Here are a few points and hints on how to use the map, quoted directly from the website:
- When looking at the globe as a whole, trade is concentrated into obvious hubs. The United States, Europe, and China/Japan are the most evident ones, and they are all lit up with color.
- There are also obvious have-nots. Take a look at most of the countries in Africa, or click on an individual country like North Korea to see a lack of international trade.
- In fact, North Korea is completely vacuous, except for one lonely dot floating to China every so often. After taking a quick look at the data, it seems China takes in over 60% of North Korea’s exports, which are mostly raw materials such as coal, iron ore, or pig iron.
- Now click on South Korea, and the situation is completely different. By the way, South Korea exports $583 billion of goods per year, while the hermit nation does just $3.1 billion per year.

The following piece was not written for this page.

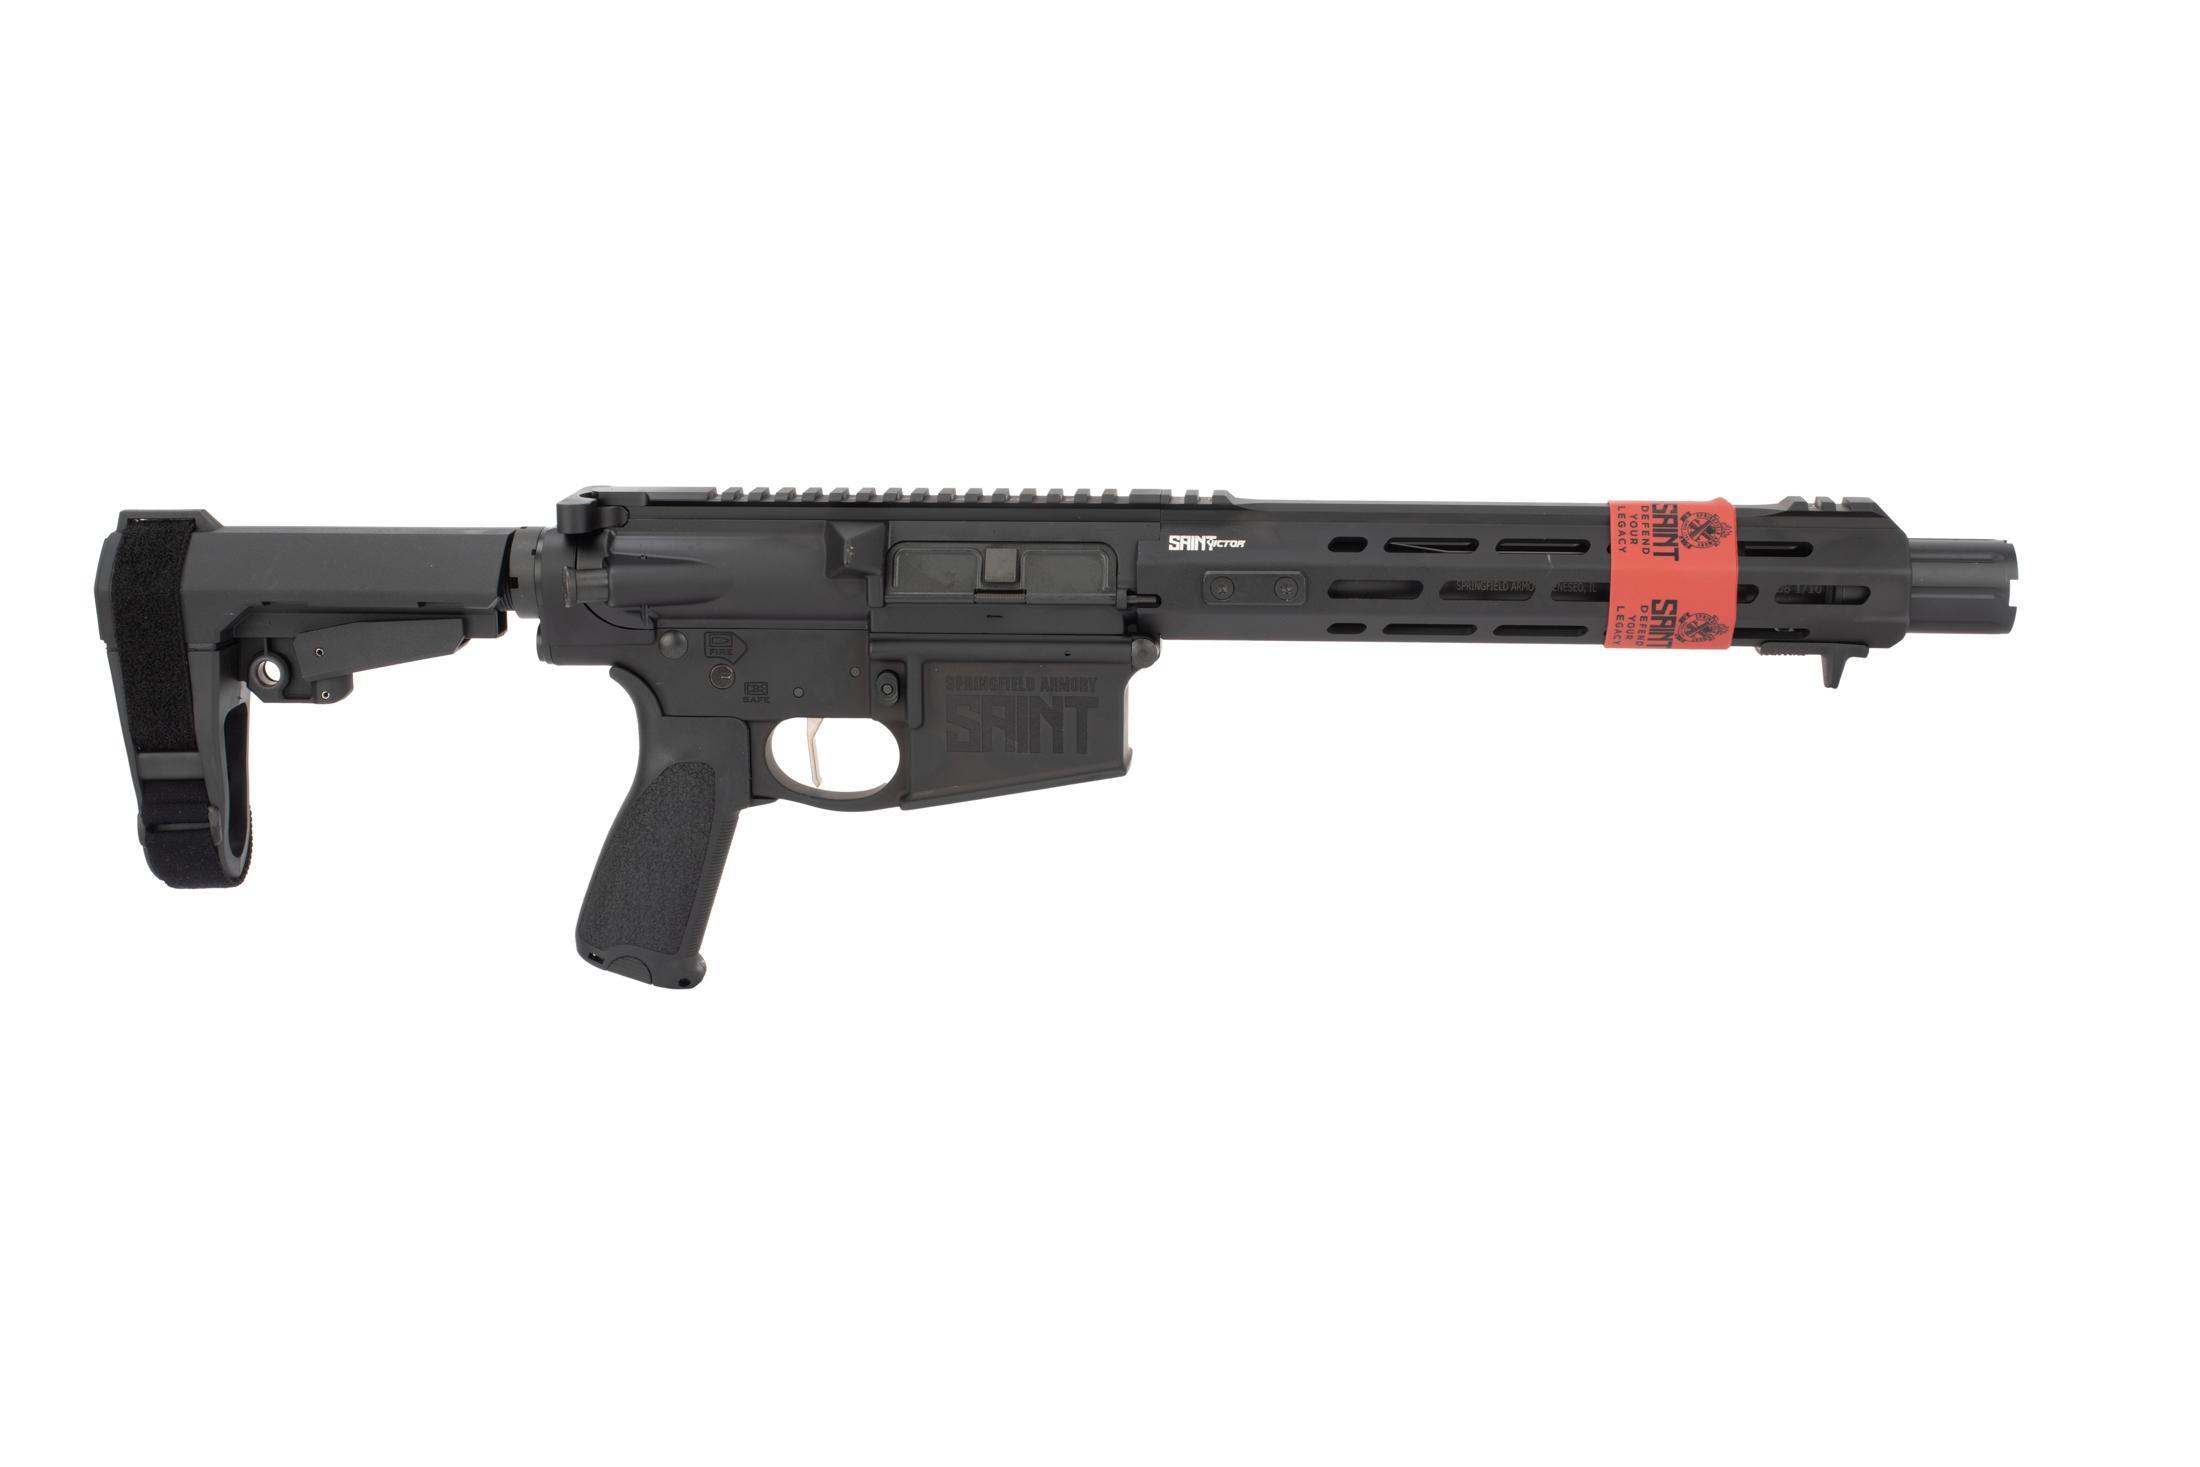 Springfield Armory Saint .308 AR 10 Pistol features a 10.3 inch barrel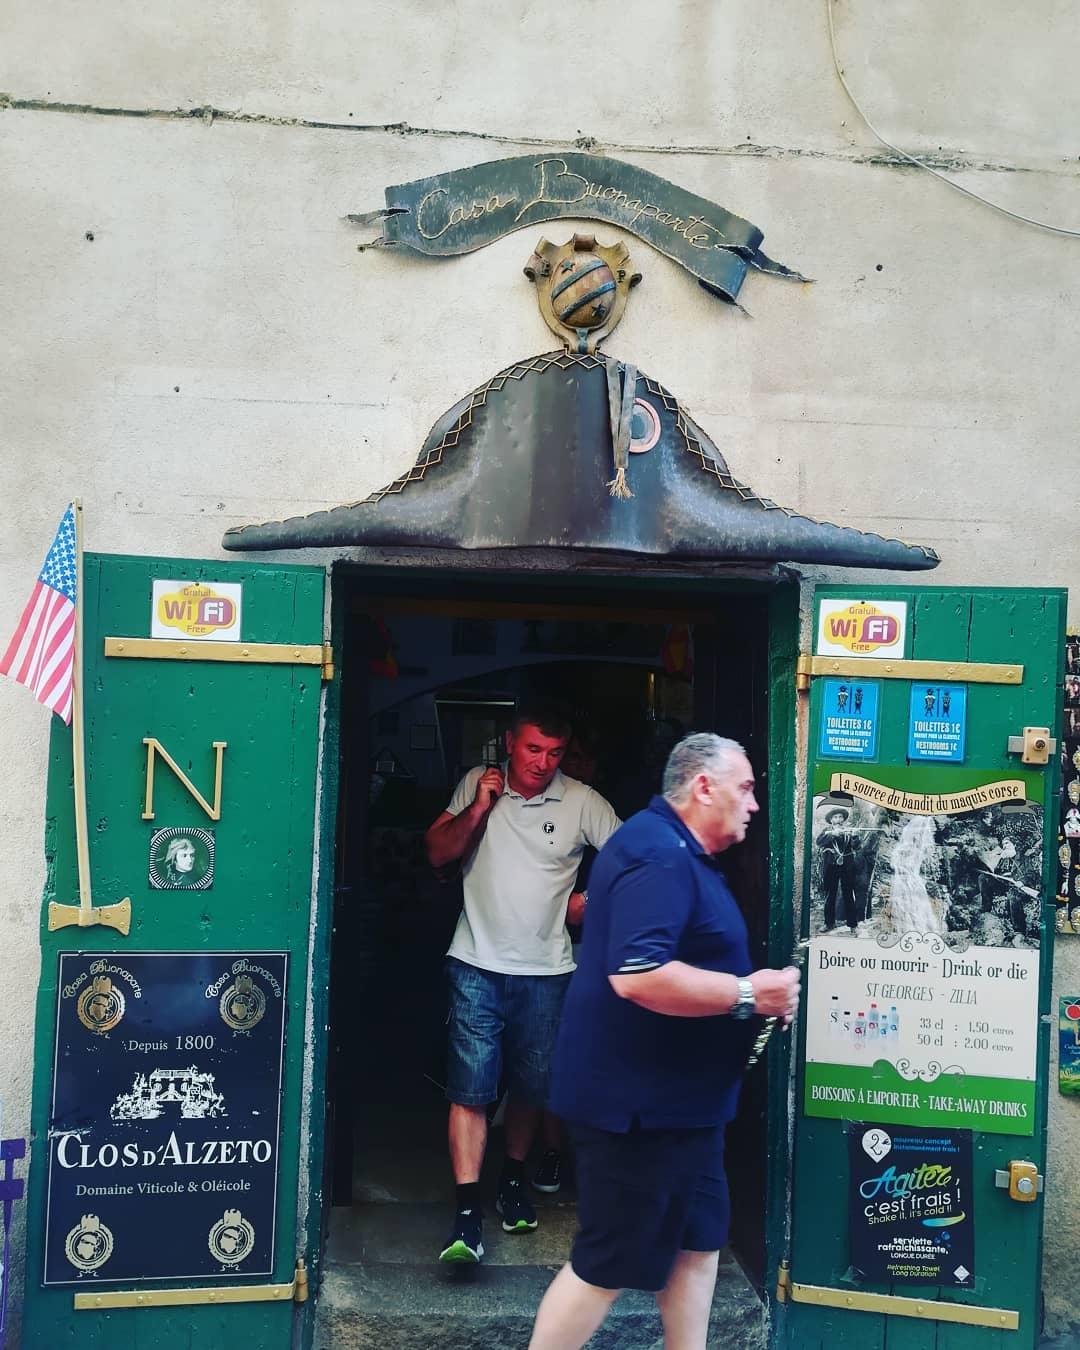 #maisonbonaparte #ajaccio #corsicainsmart #portesdefrance

- This map also shows how dependent some countries are on others for trade. Look at Canada, a country that sends close to 75% of its exports to the United States. Mexico has a similar situation, where it does most of its business with the U.S. as well.
- This is a stark contrast to Cuba, which doesn’t trade enough with any one partner to have it visualized on this scale at all. Cuba has exports of only $1.7 billion, and its largest trading partner is China, which only takes in $311 million of goods per year.
Weekly Economic Data Summary: After a string of firmer data points, November economic activity reported last week had a more tepid tone in several categories as Retail Sales, Industrial Production, housing starts and building permits were all below expectations. The November Core Consumer Price Index (CPI) remained stable at 2.1% year-over-year. The Atlanta GDPNow forecast now indicates Q4 GDP growth of 2.6% (vs. 3.6% at the end of November), though this forecast moves around quite as data is updated throughout the quarter.
I hope you and your family have a holiday season, filled with cheer, joy, and memory making encounters. Happy New Year.
*The Federal Register is the main source for the U.S. federal government agencies: proposed new rules and regulations, final rules, changes to existing rules, notices of meetings and adjudicatory proceedings, and Presidential documents including executive orders, proclamations and administrative orders.